Alternative gifts

Back in the days when a couple would save co-habiting and consummation until the wedding night, the tradition of wedding gift giving was designed to set the newlyweds up with all the toasters, blenders, fondue sets and steak knives they needed for marital bliss.

It was a necessity for young lovers moving straight from the parental home to their love nest.

Today, of course, living in ‘sin’ is more often than not the norm before the man has even gotten down on bended knee. Which poses the problem of what to ask for—or, as a guest, give—when a couple already has a fully-stocked and functional household.
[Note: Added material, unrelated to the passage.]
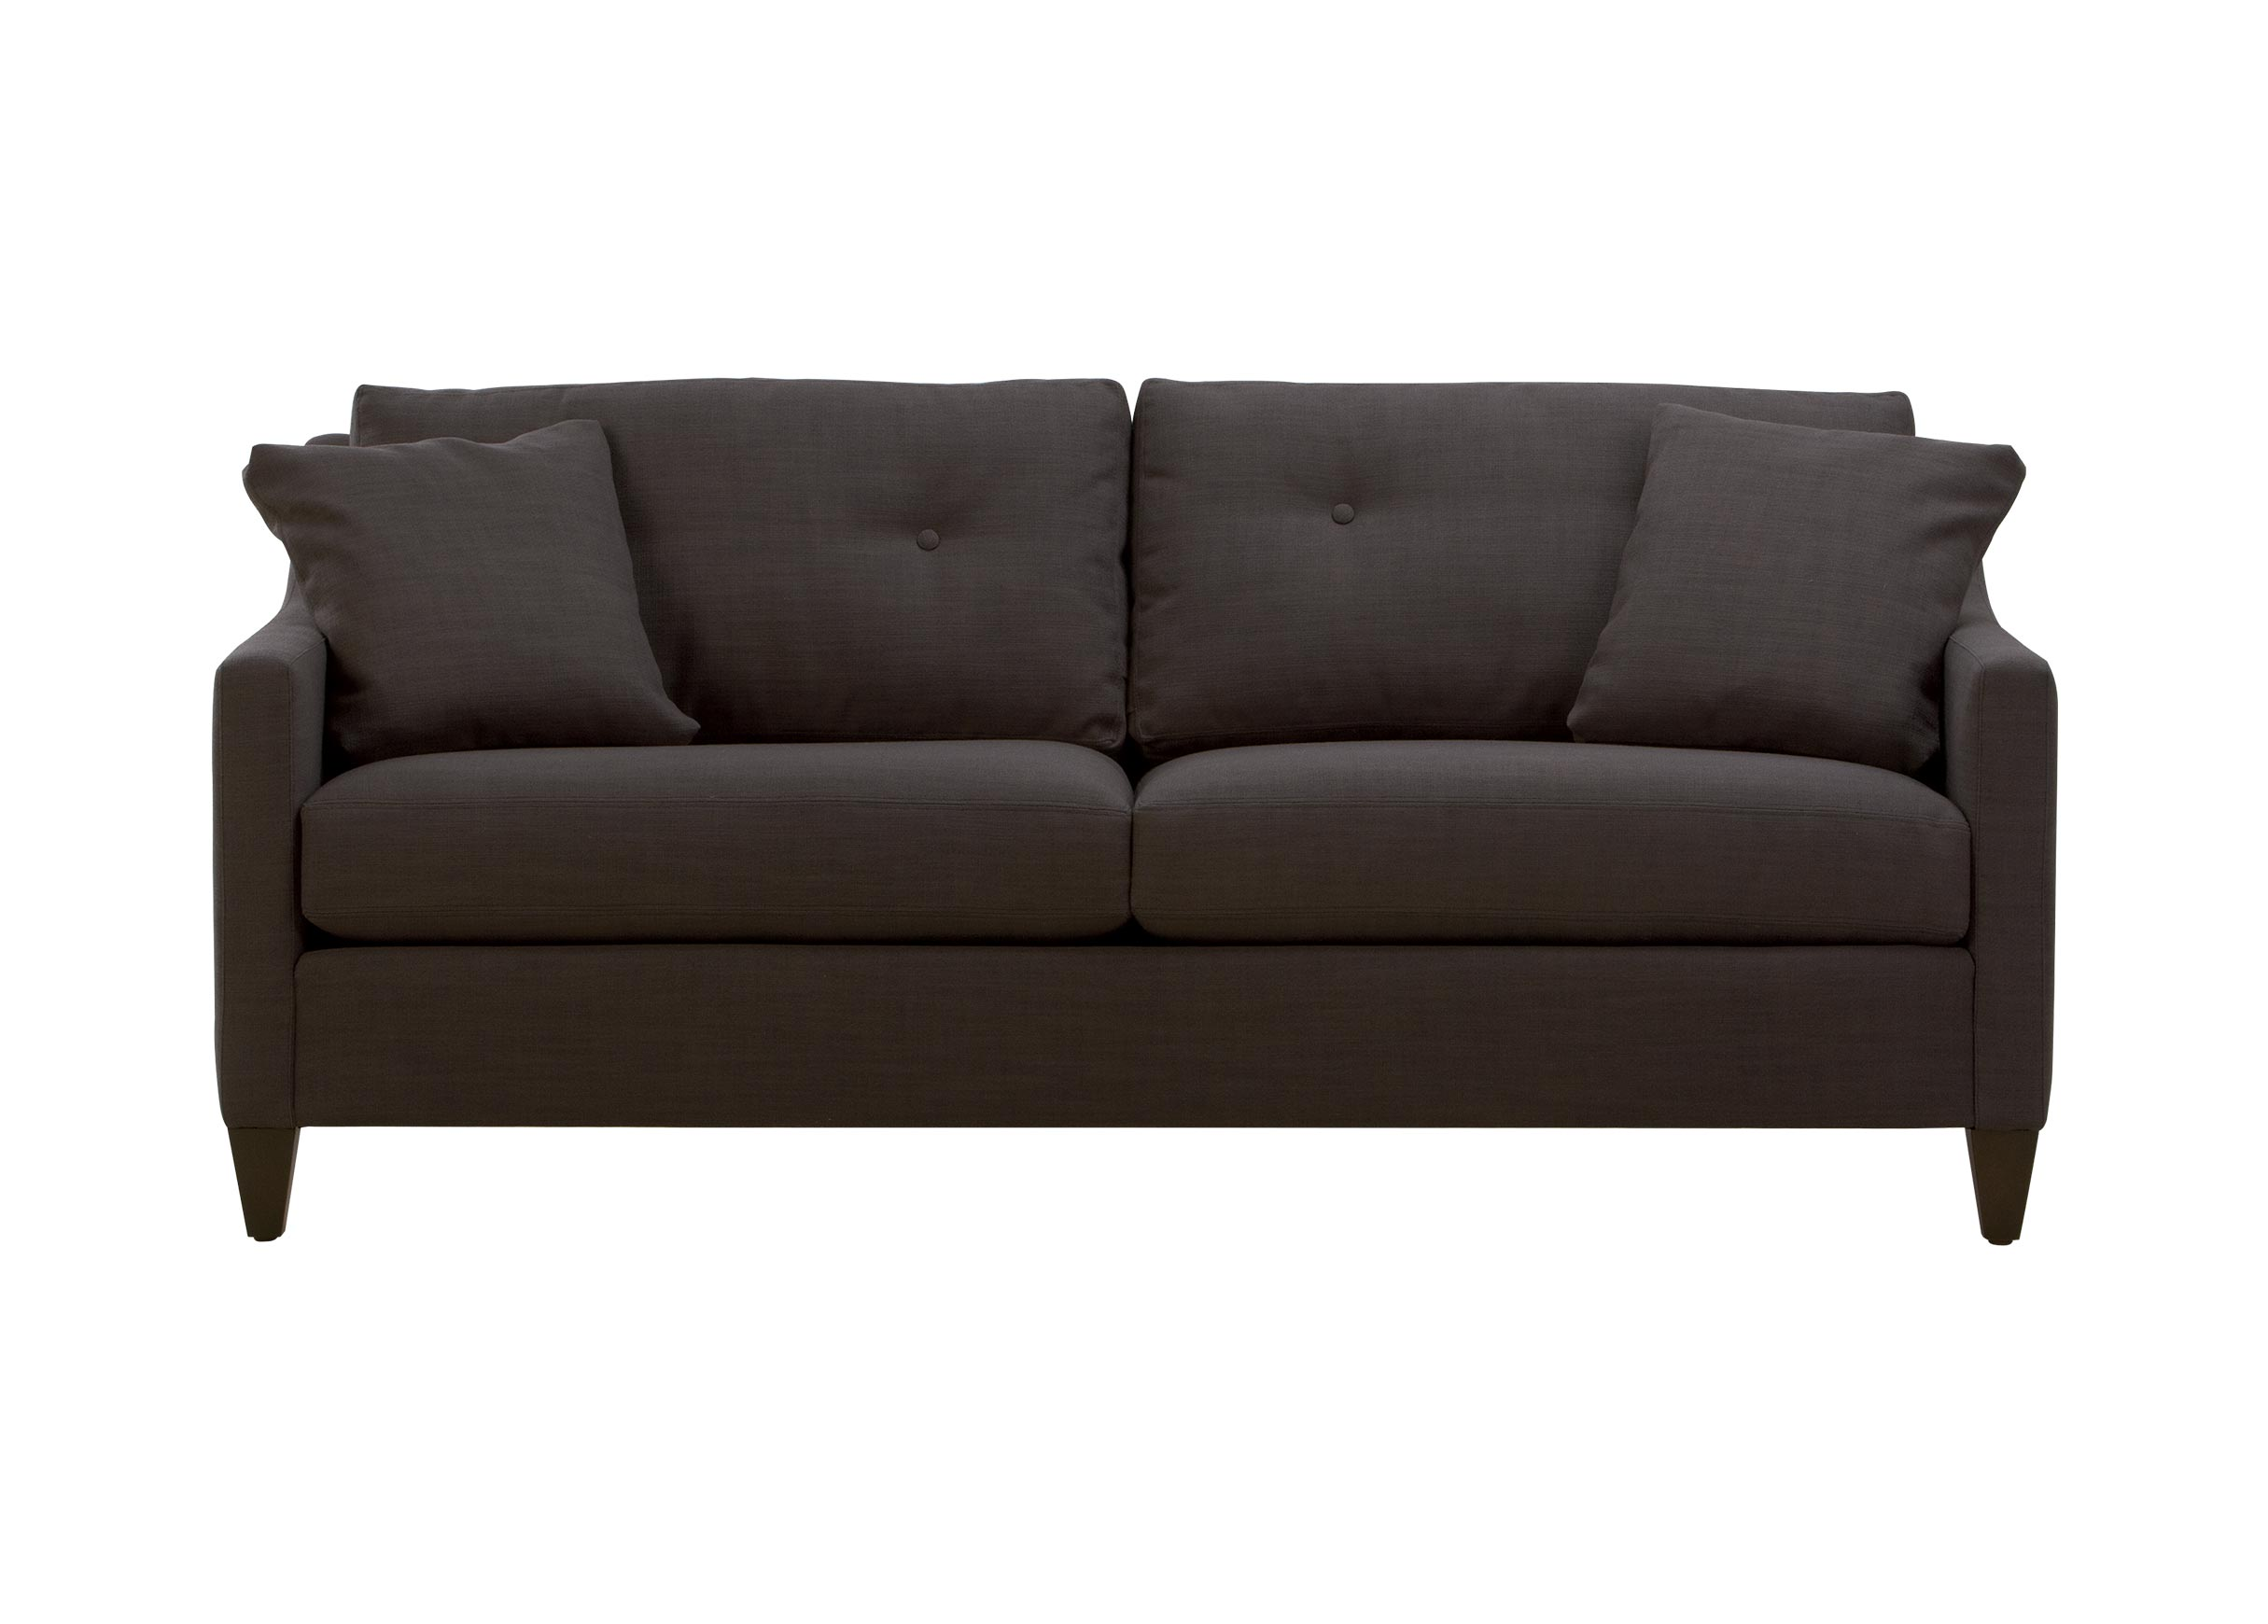 images monterey sofa   largegray. monterey sofa  sofas  loveseats  sitegenesis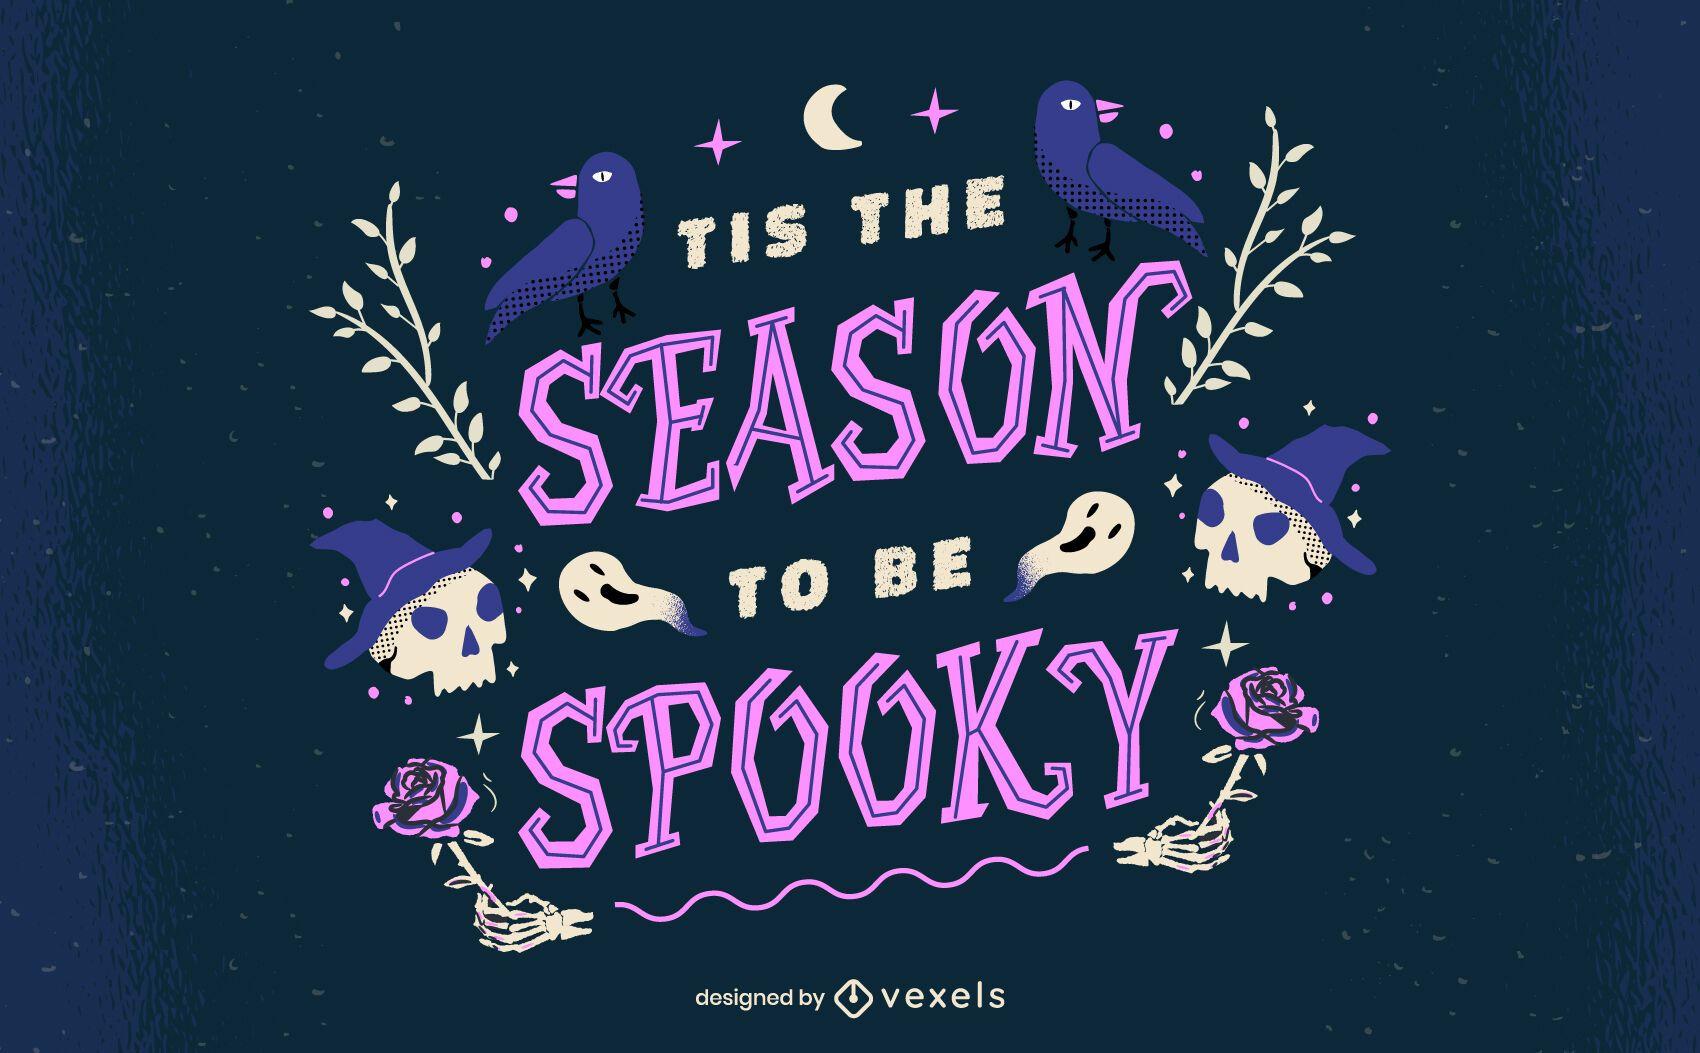 Season to be spooky halloween lettering

Gift registries are immensely popular for the fact that it allows the pair to specify items they actually want—really, one fondue set is usually one too many; two is a waste of everyone’s time and money. They also allow the couple to be a little indulgent and pick out things like a $200 designer kettle that they would love to own but would never in a million years fork out for themselves.

Something different
A registry is all very well and good, but if a guest would prefer not to simply tick a box, they may come up with something a little out of the ordinary. It requires knowing a bit about the newlyweds. Perhaps they are literature fanatics—scour eBay for a rare first edition book of a favourite classic. How about an experience like a tandem sky dive (provided the bride or groom doesn’t have a fear of heights)?

Something noble
Altruistic types (like Prince William and Kate Middleton) may decide that they have everything they need and a ceremony, party and honeymoon is more than enough to mark their union. So, in lieu of a bunch of kitschy nick-nacks, they elect for philanthropic contributions from guests, requesting that those who wish to buy a present direct their finances towards a charity of the couple’s choice.

Something big
Rather than end up with a collection of little things that are all very lovely but not particularly useful, the bride and groom may choose to reach for the stars. Maybe they’re in the market for a new car or an Italian lounge suite or a kick-ass home entertainment system and prefer that guests chip in towards it. It may sound a little extravagant—and a ‘big ticket’ item is relative to the wealth of the couple and their guests—but at least they’ll end up with something they want, love and will use.

Something exotic
There’s a little thing called the honeymoon registry which is becoming increasingly popular. Once the couple have made their honeymoon plans, their agent will itemise the trip and create a registry so that guests can help cover the costs. So you may find yourself paying for their massage on the beach in Mauritius, shouting them dinner on their last night in Rome or their flights to Hong Kong.

Something to spend
It’s not terribly romantic but often cash is given or requested. In many Asian cultures money is often the preferred present. The ‘money dance’ is a tradition seen in some European cultures where guests pin cash to the bride’s dress in exchange for the honour of having a twirl on the dance floor with her. Then there’s the ‘wishing well’ where guests cough up dough and the couple spend it how they please, even if it’s to help pay off their home or cover the wedding costs. If you’d prefer they spoil themselves, consider a pre-paid credit card for the honeymoon. The burning question: how much to give? Some say the amount should reflect the per head cost of hosting the reception but that’s rather difficult to determine and, really, it’s a wedding not a transaction. Pay an amount you can afford which feels right.